# MiniDSP 10x10 HD vs. nanoAVR-HD



## pmd918 (Jan 27, 2010)

I'm trying to determine which of these devices is better for my home theater.

I want to improve bass response in my room and am considering both of these devices. The MiniDSP 10x10 HD clearly would be a more flexible approach since it would be applied after the AVP and would thus apply to all sources. My concern is that this naturally demands two additional processing steps (the A/D and D/A conversions) that could introduce inaccuracies. Should this be a real concern?

I could live with the nanoAVR-HD and just use it for my HTPC source, which I use for all BluRay and music playback. I have an Integra DHC-40.1 and could use direct mode for the output from the nanoAVR-HD, and then use Audyssey for the other sources.
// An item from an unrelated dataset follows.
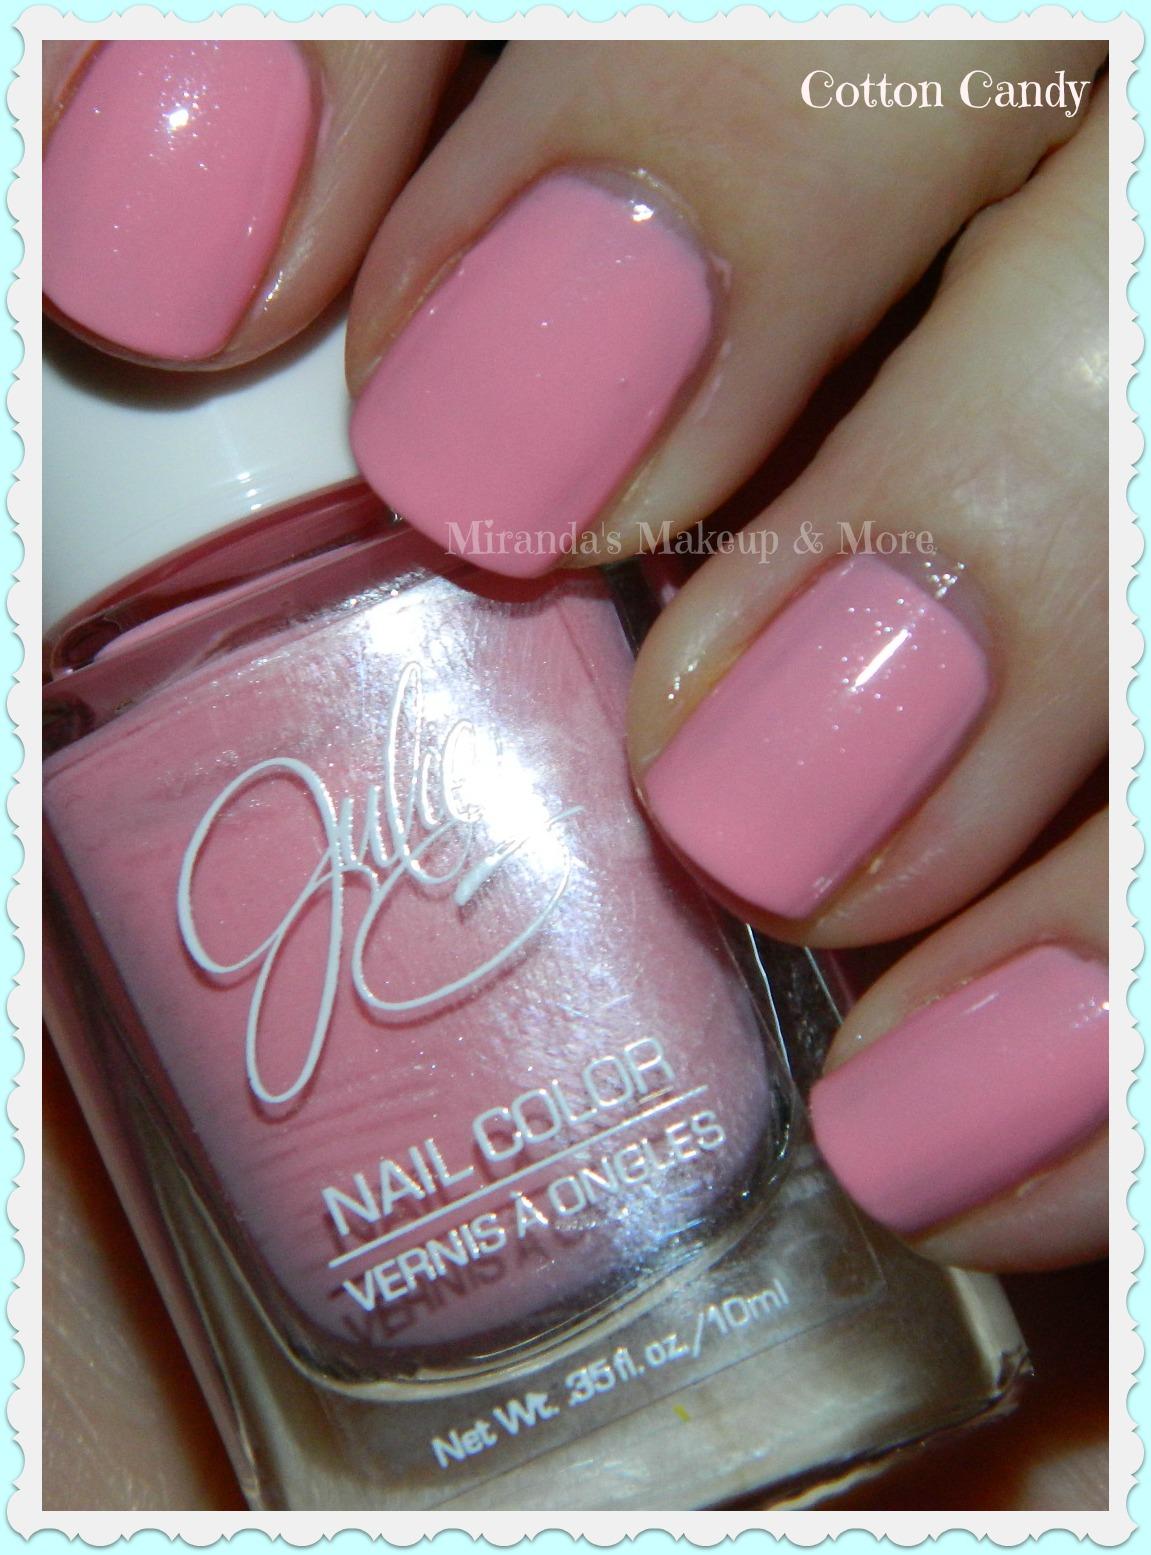 Mirandas Makeup: Julie G Nail polish: Cotton Candy

So I see two problems with the MiniDSP 10x10. The obvious one is the price. The second is the additional processing, which I don't even know if I should consider it a real problem. The advantage is it would be applied to all of my sources.

All comments are welcome.


----------



## Wayne A. Pflughaupt (Apr 13, 2006)

Converters have advanced to the point that they are generally not a problem. I’ve been using a first-class digital equalizer in my system for a number of years and it’s cleaner than analog models I previously used that were of comparable quality. Some people claim they can hear the extra conversion though, but typically only those with long years of listening experience and super expensive systems.

Regards,
Wayne


----------



## HifiZine (Feb 7, 2013)

As noted the nanoAVR HD does have the advantage of being half the price... it also has a fairly sophisticated bass management. But, HDMI only and your sources need to be able to produce linear PCM. My writeup on it is here (when it was named just "nanoAVR"): http://www.hifizine.com/2014/05/minidsp-nanoavr-case-study/

I assume you're aware but there's also Dirac implementations of both hardware units now (HDMI, analog).


----------



## pmd918 (Jan 27, 2010)

Thanks for the responses.

I decided to go with the nanoAVR HD, mostly because of price. I was very tempted to try the Dirac implementation, but I like to tweak so I figured I'd start there first for less money.

I can live with the HDMI input. My main source for critical listening is my HTPC which can deliver eight channels of LPCM over HDMI.

And thanks to the link to the write-up. Hadn't seen that one yet, although I have read other related articles on Hifi Zine.


----------